BACKGROUND OF THE INVENTION

Field of Invention

This invention relates to a tyre pressure control system (TPCS) having a rotatable air passage. In particular this invention relates to a tyre pressure control system with a rotatable air passage on an agricultural vehicle or machine.

Description of Related Art

In order to improve efficiency and safety of an agricultural machine, or an agricultural vehicle such as an agricultural tractor, it Is necessary to change the pressure of the tyres depending on whether the tractor is operating, or on the road. When operating in the field, lower tyre pressures are required to reduce ground pressure and compaction and to improve the grip of the tyres with the earth. For road work, higher tyre pressures are required to reduce rolling resistance (which affects the efficiency of the tractor) and to reduce heat generation (which affects the safety of the tractor). The pressures of the tyres may typically be varied by 0.6 bar-2.5 bar when moving between field and road surfaces.

Generally, a tyre inflation and deflation system comprises at least one rotatable air passage which is provided on, or within an axle to carry air to and from the tyres. The rotatable passage may be connected to a further air duct for carrying air. The rotatable passage extends between rigid, stationary parts (which are connected to the vehicle frame, or form a part of the frame, for example an axle housing) and rotating parts (for example, the wheel hubs). Rotating parts such as wheel hubs are equipped with shaft seals to prevent oil from entering the air guiding area of the rotatable passage.
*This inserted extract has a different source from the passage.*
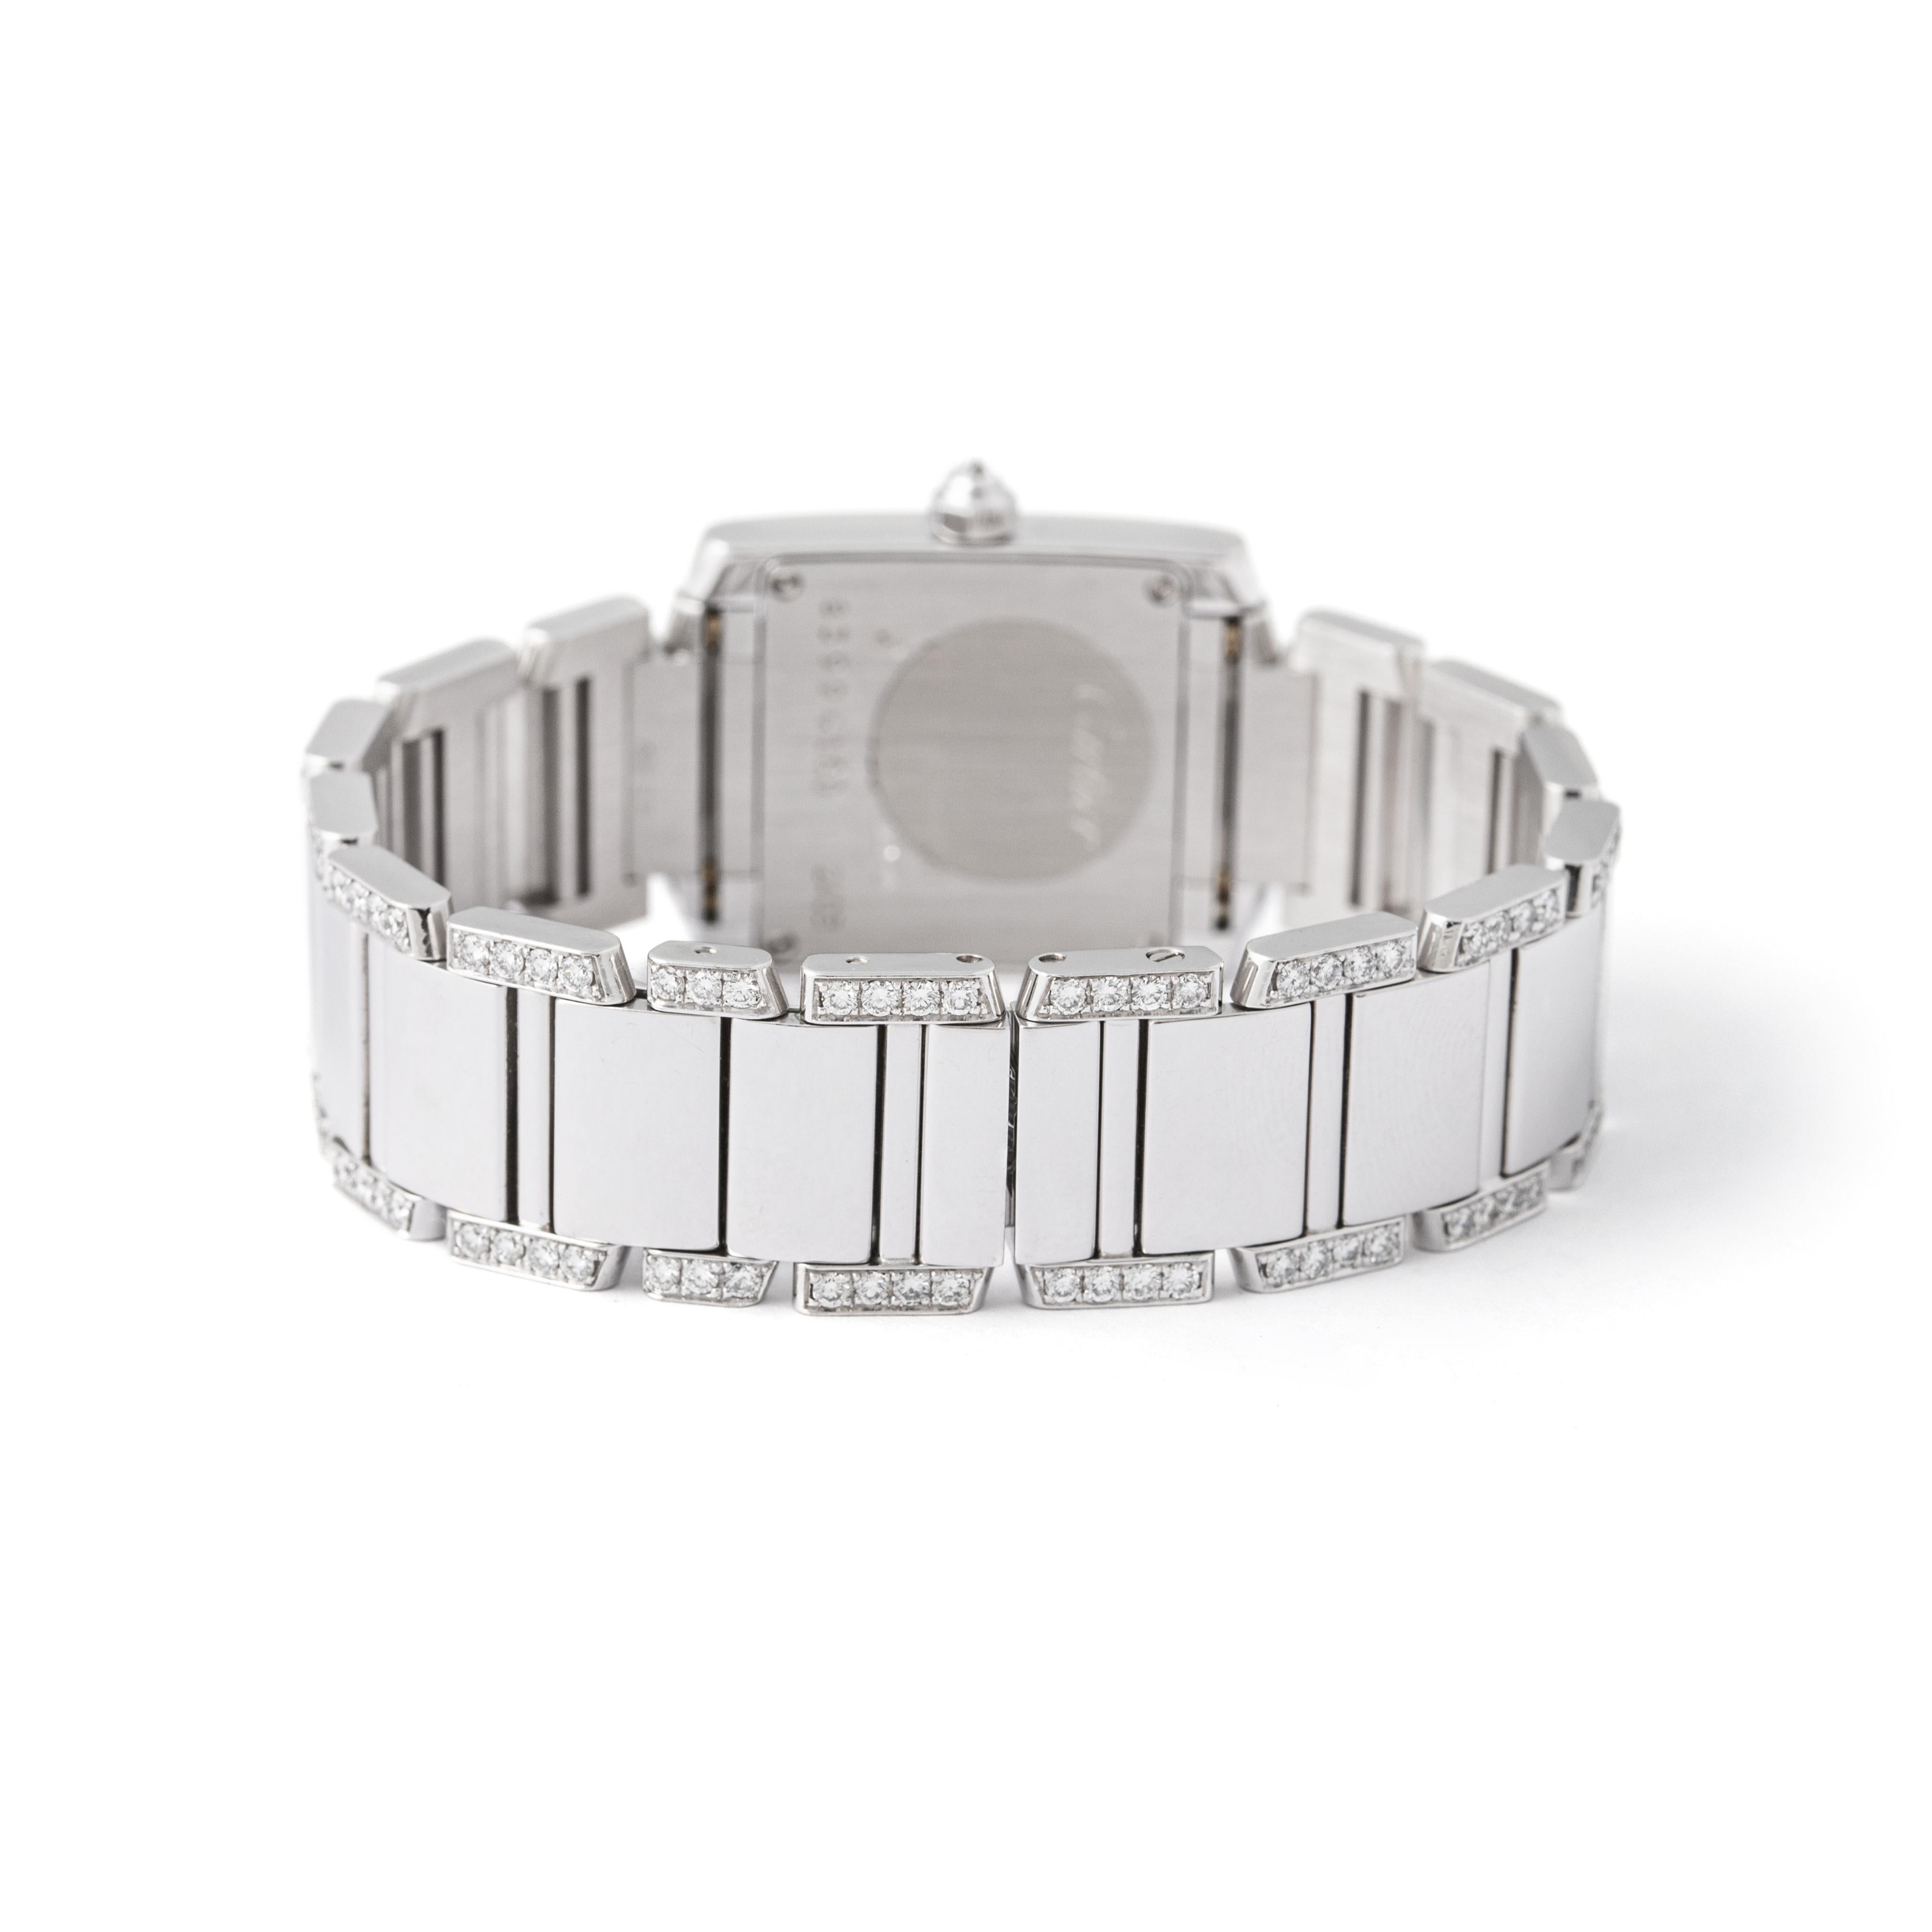 Cartier 'Tank Francaise' White Gold 18K Diamond Ladies Watch For Sale 2
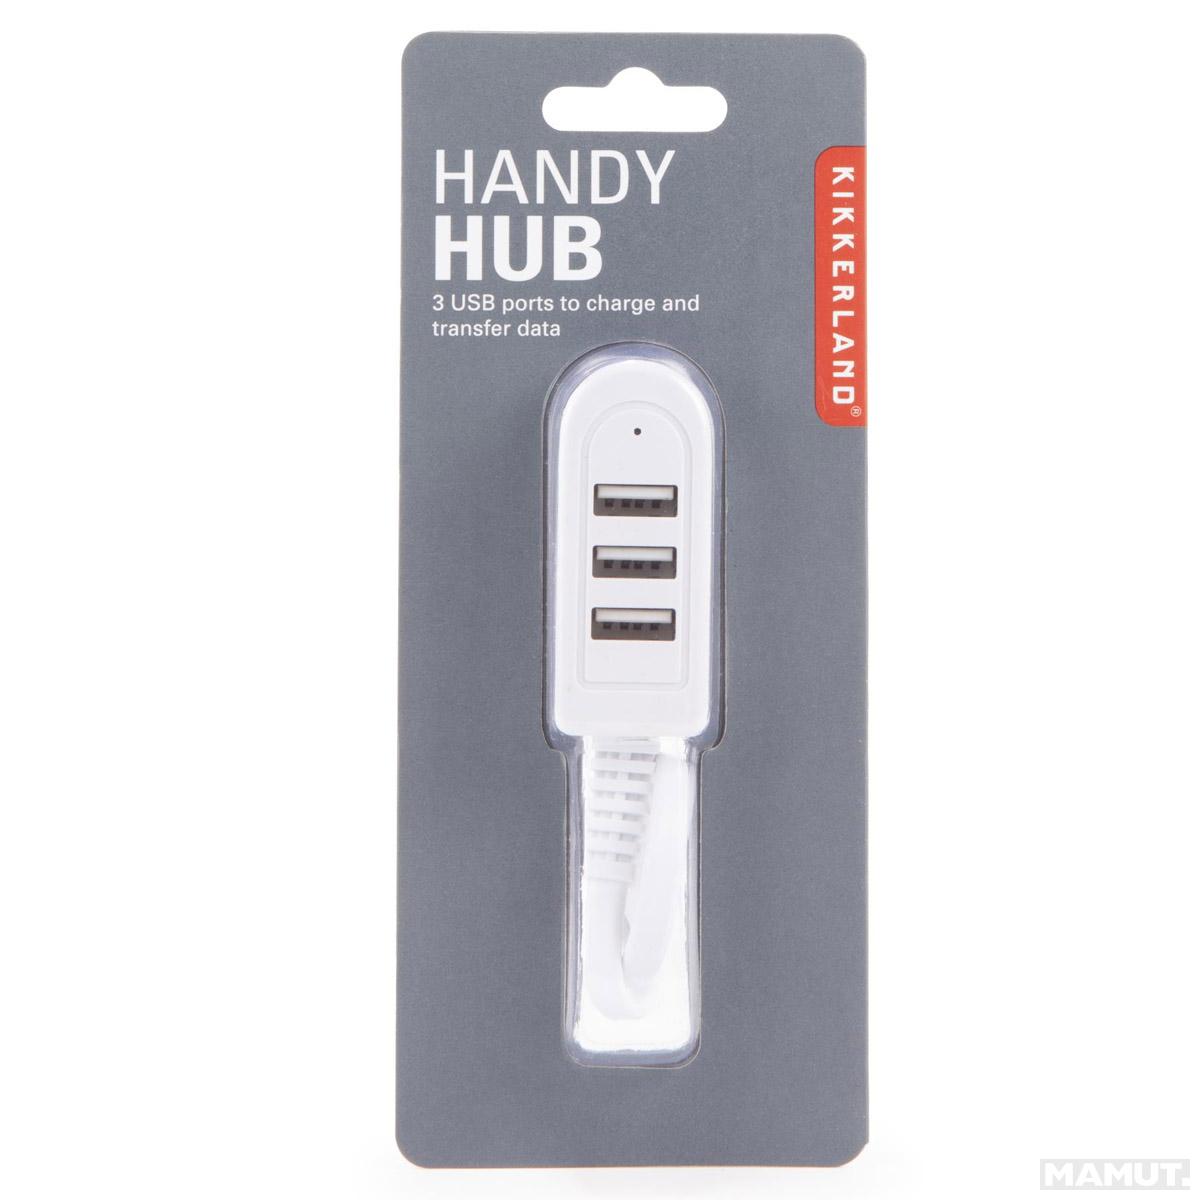 USB Handy HUB

Such systems are described in the Applicant's previous UK patent application Nos. GB1021928.5 and GB1021931.9.

Air seals are used to seal the rotatable shaft which comprises the rotatable passage with a non rotatable part of the vehicle comprising a non rotatable passage. The non rotatable part may be the shaft housing In which the shaft and rotatable passage are housed. The rotatable passage is connected to air intake and air out take lines which are connected to an air source. To reduce the wear of the air seals, the sealing lips of the air seals only come into contact with a contact surface of the shaft when the rotatable air passage is charged with air during inflation or deflation. When the rotatable passage is not charged with air, the lips of the air seals are lifted away from the contact surface.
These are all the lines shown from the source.